По возвращении в Пьюру, прослужив много лет в Лиме и в сьерре, Литума обосновался в военном городке, где полицейские имели право проживать наравне с армейскими офицерами. Но скученность этой общей жизни не пришлась ему по душе. Это было как будто продолжение службы: он видел тех же людей и говорил с ними о том же самом. Поэтому через полгода сержант перебрался в дом четы Кала́нча — они держали четыре комнаты для постояльцев. Домик был небогатый, спальня Литумы — крохотная, зато он и платил мало, и чувствовал себя человеком независимым.
Когда он пришел, супруги Каланча смотрели телевизор. Муж раньше работал учителем, жена служила в муниципалитете. Оба давно уже вышли на пенсию. В стоимость проживания входил только завтрак, однако по просьбе жильца Каланчи могли заказать и обед, и ужин в соседней харчевне, где готовили вполне сносно.
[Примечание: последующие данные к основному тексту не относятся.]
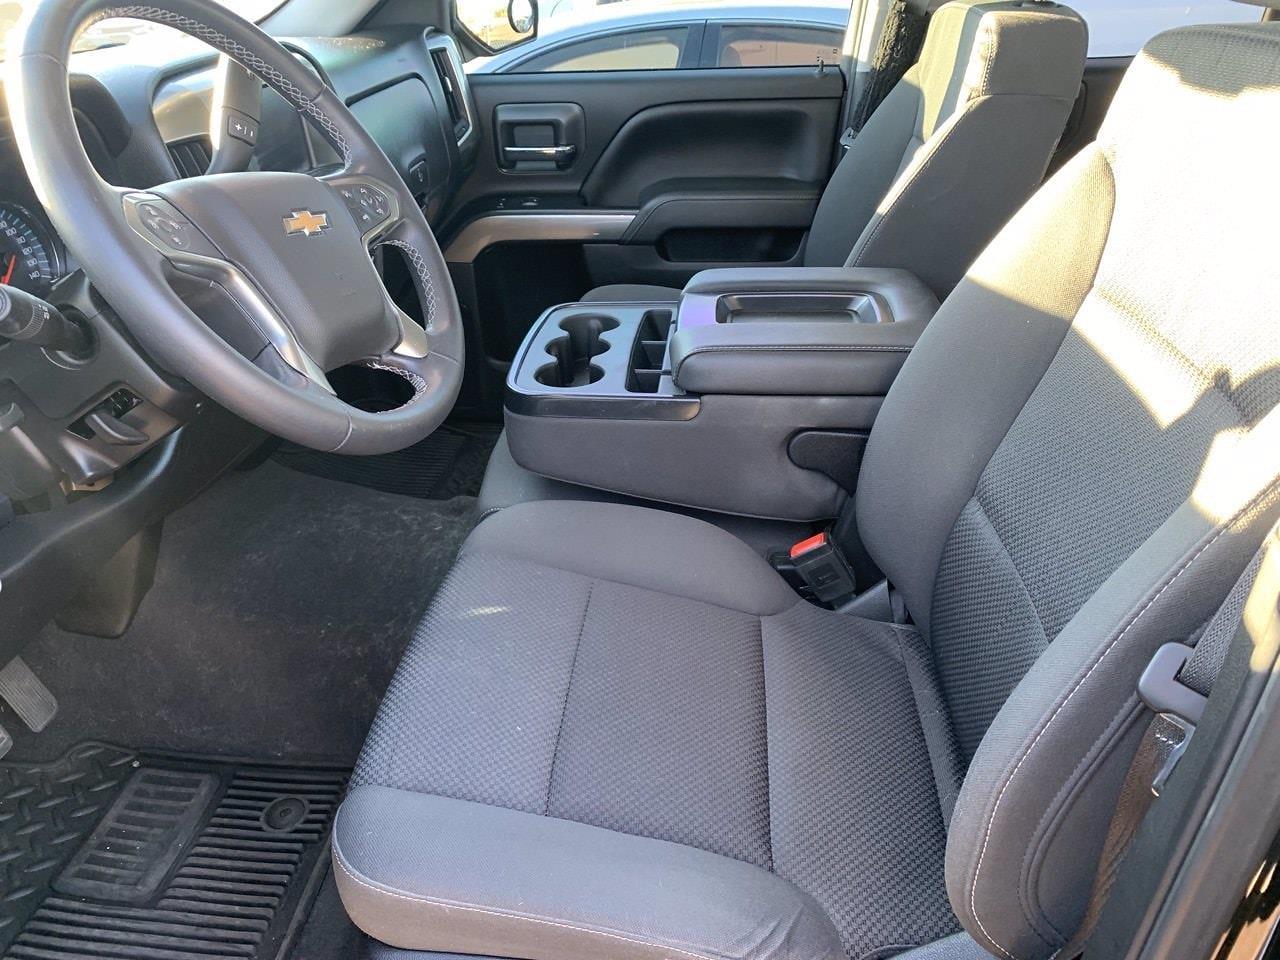 2019 Silverado 1500 Double Cab 4x2,  Pickup #K1115637 - photo 8

Сержант на всякий случай поинтересовался, помнят ли они маленький бар рядом со стадионом, в котором заправляла женщина, немного смахивающая на мужчину, по имени — или по прозвищу — Чунга. Супруги посмотрели на него растерянно и покачали головой.
В ту ночь Литума долго не мог уснуть, он как будто заболел. Будь проклят тот час, когда ему пришло в голову рассказать капитану Сильве про Хосефино. Теперь сержант был твердо уверен, что сутенер рисовал не паучков, а что-то другое. А прошлое ворошить — нет ничего хуже. Литуме было теперь больно вспоминать свою юность — в его-то возрасте (ему было под пятьдесят), с его одинокой жизнью, со всеми несчастьями, которые с ним приключились, с той идиотской русской рулеткой, с годами тюрьмы, с потерей Бонифации, от воспоминаний о которой во рту становилось горько.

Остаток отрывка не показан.